The human ear, in fact any ear, is not a perfect channel for sound; what gets through is actually a distorted version of the original signal, and the signals that the brain receives reflect that distortion (in part due to the ear's physical properties, and in part due to distortions introduced within the nervous system that connects to the ear). Consequently, the inability to detect certain differences may reflect these distortions (the two different signals are distorted to the point of becoming the same). What may then have happened is that speech evolv
ed to take advantage of differences that could be perceived. The chinchilla does not distinguish between certain sounds because they happen to be phonemes, but because they happen to sound different. As a species, we have learned to ensure that if we want two sounds to be perceived as different (for the purposes, perhaps, of distinguishing between different words), we should ensure that we use just those sounds, or a subset of them, that can be distinguished.

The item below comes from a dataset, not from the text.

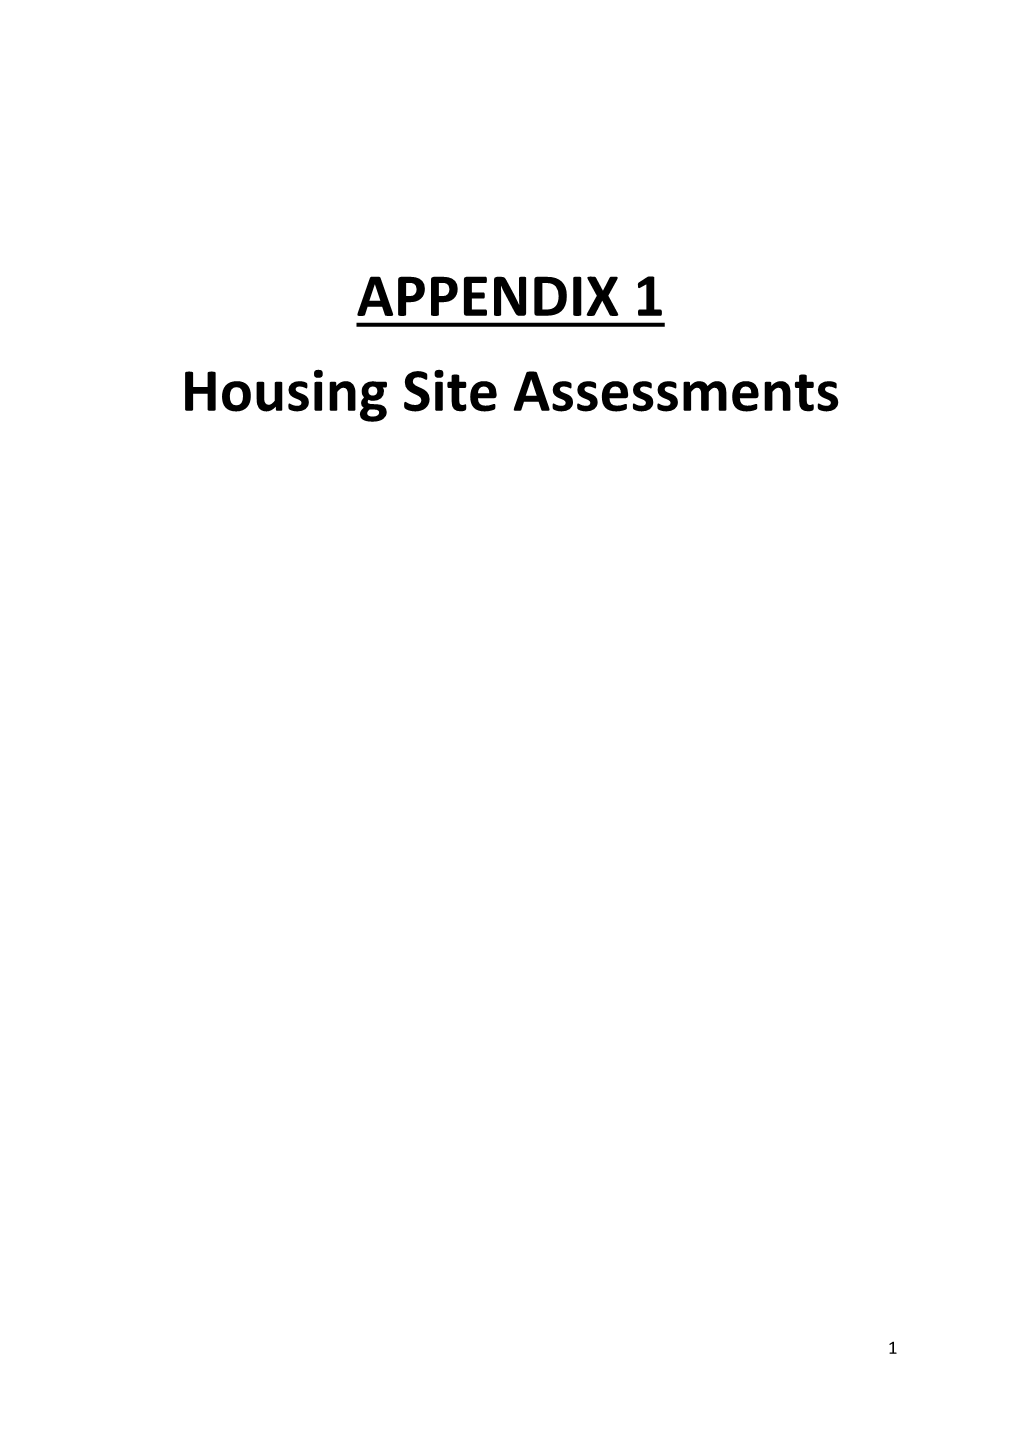 APPENDIX 1 Housing Site Assessments

Unfortunately, even this account cannot quite explain everything. There is a substantial fly in the ointment which places a complete, water-tight theory slightly out of reach.
Fast talking
The boundaries that we find in categorical perception should be relatively fixed if they reflect properties of the `hardware'. And yet Quentin Summerfield, at Queen's University in Belfast, demonstrated that the boundaries that separate one phoneme from another are not fixed. His basic finding is relatively simple. Recall that a phoneme on the /ba/-/pa/ continuum with a voice onset time of 40 milliseconds is perceived as [pa], and with a voice onset time of 20 milliseconds it is perceived as a [ba]. It was found that, if these sounds were heard in the context of speech uttered at different rates, then the boundary would shift. For instance, at a very fast speaking rate, something with a short voice onset time that should be perceived as a [ba] is in fact perceived as a [pa]. The perceptual system `knows', somehow, that everything is speeded up, and that what should normally be a longish time interval will now be a shorter interval. So a shorter interval is treated as if it were a longer one, and consequently a shorter voice onset time is treated as if it were a longer voice onset time. Similar effects have been found using other continua, with stimuli that vary not in terms of voice onset time (as on the /ba/-/pa/ continuum) but in terms of other subtle differences in timing (between the start of one frequency component and another).